**Work instruction**.
For this task, extract exactly the lines of the data below, from the line containing "煌びやかなディスコ_No693_3の再生済みの波形" through the last one, with pictures left out.

**Information supplied**.
=======
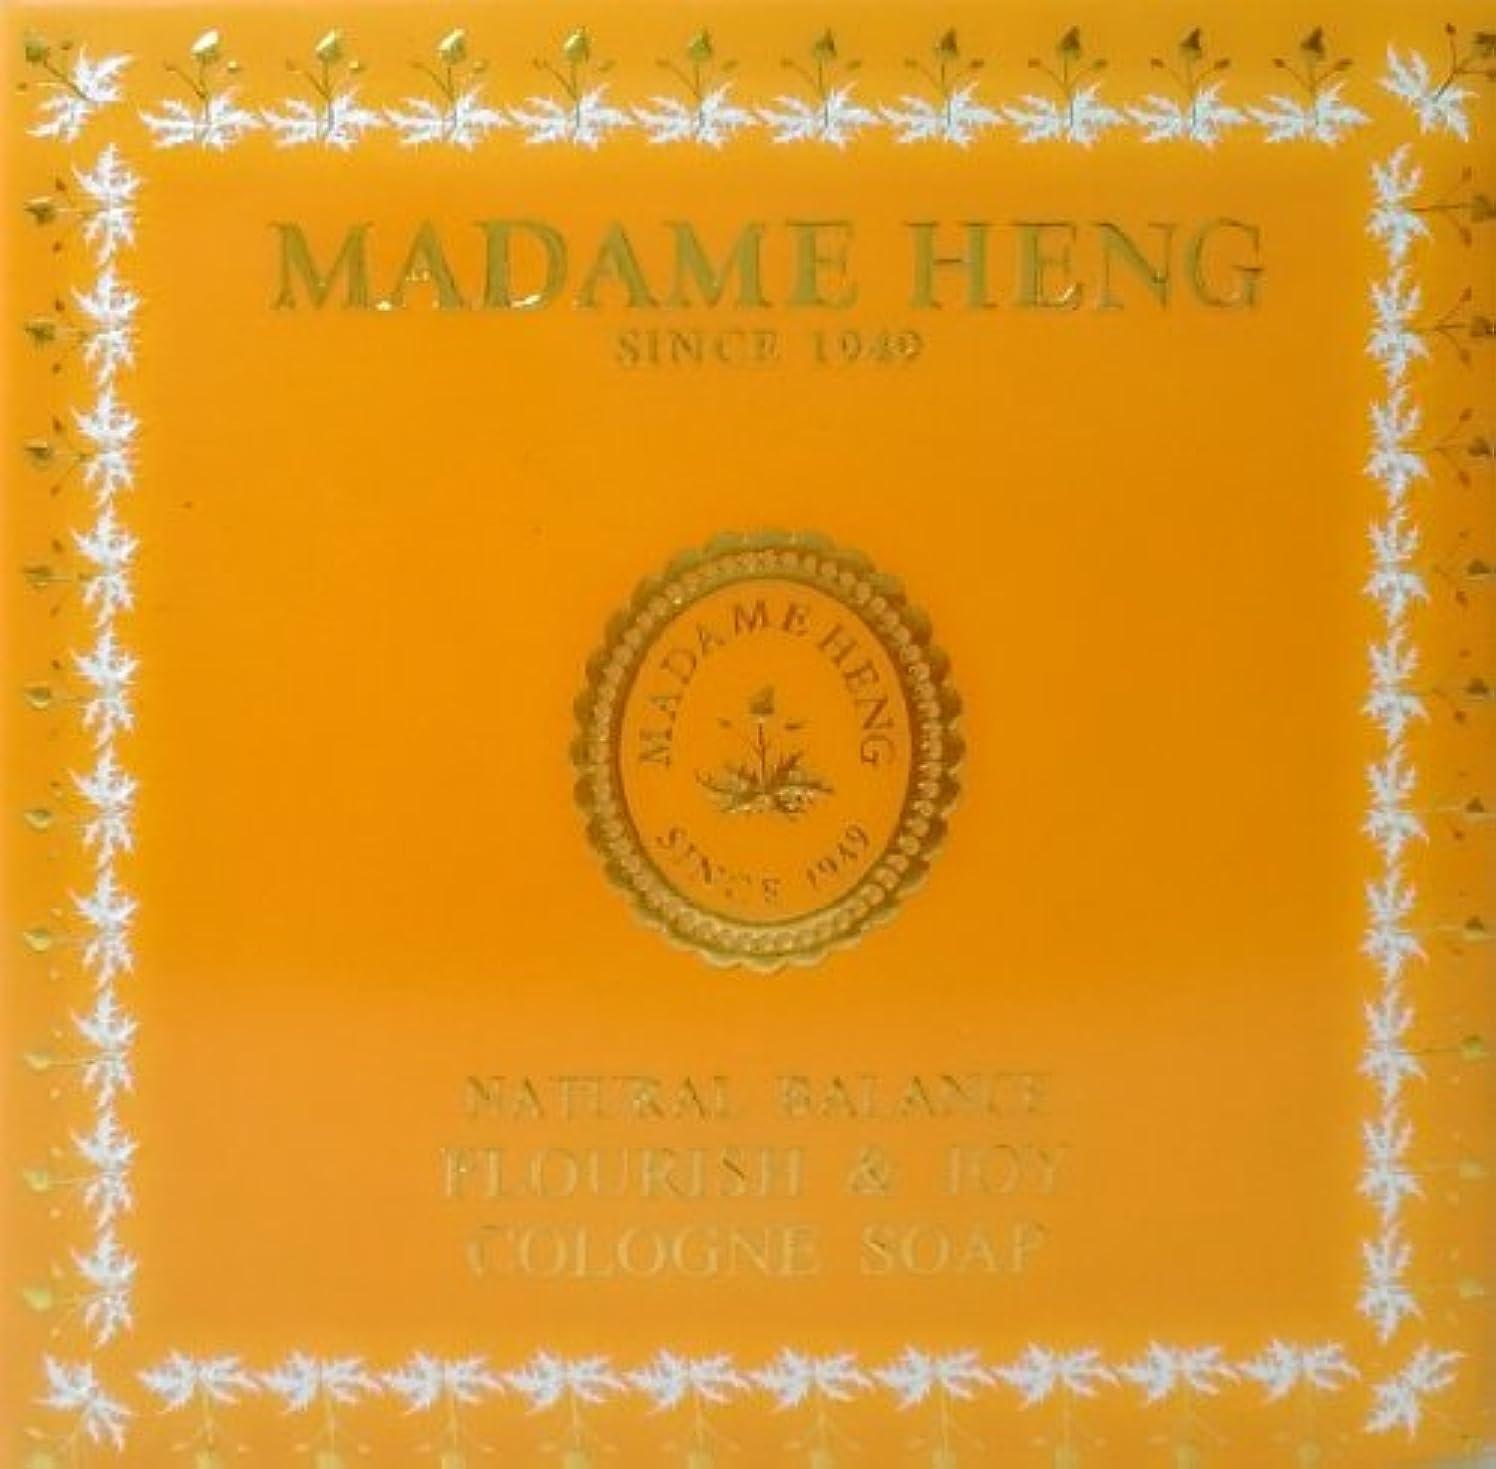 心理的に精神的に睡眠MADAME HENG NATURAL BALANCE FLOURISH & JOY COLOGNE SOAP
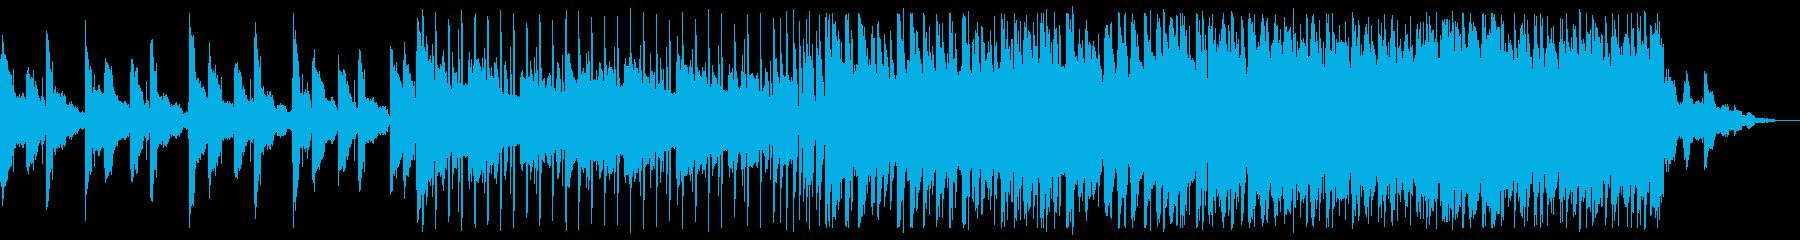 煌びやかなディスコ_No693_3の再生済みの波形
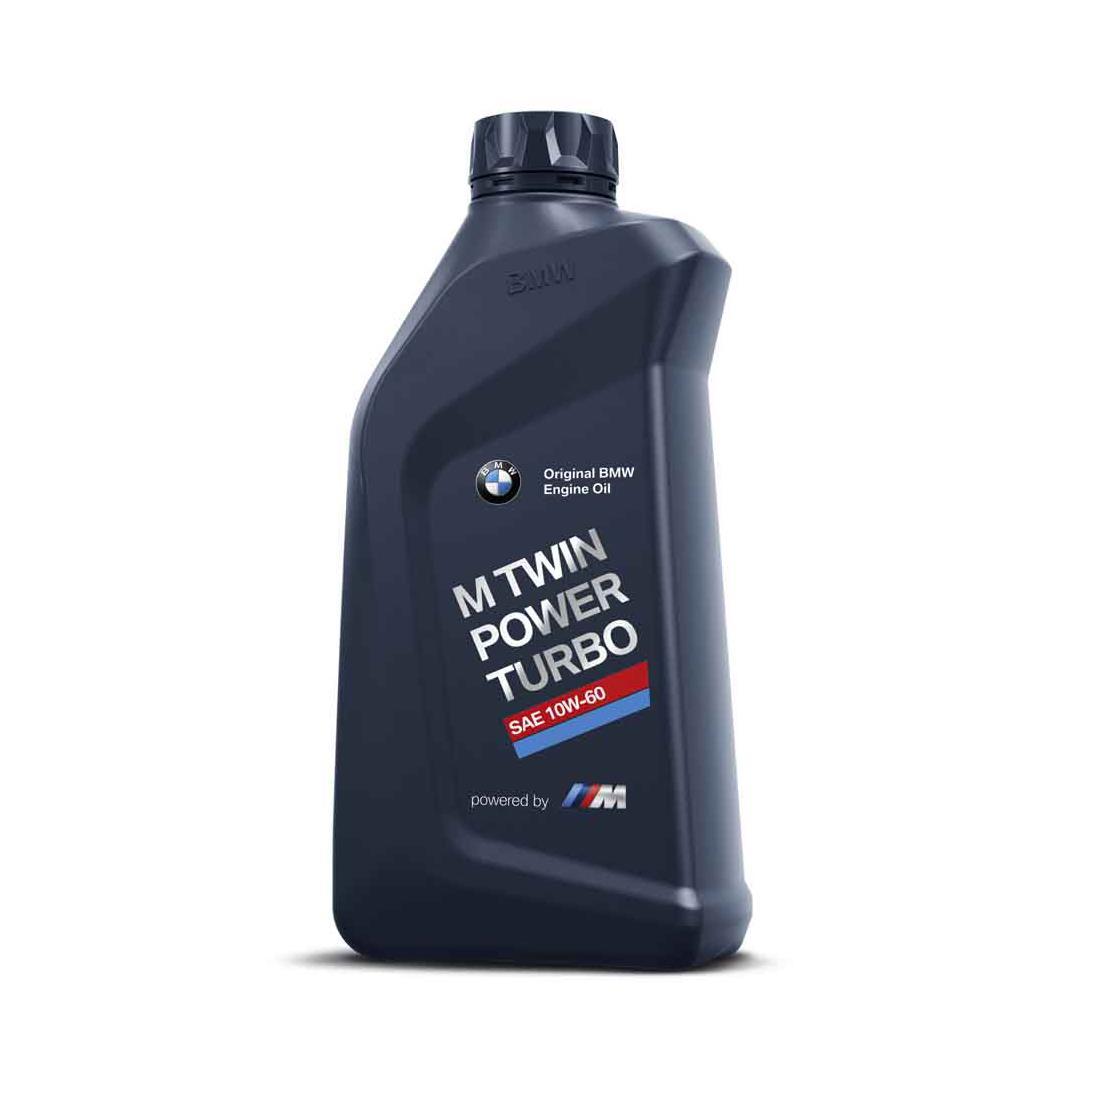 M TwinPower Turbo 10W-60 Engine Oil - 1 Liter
=======
**Output below**.
 煌びやかなディスコ_No693_3の再生済みの波形
 M TwinPower Turbo 10W-60 Engine Oil - 1 Liter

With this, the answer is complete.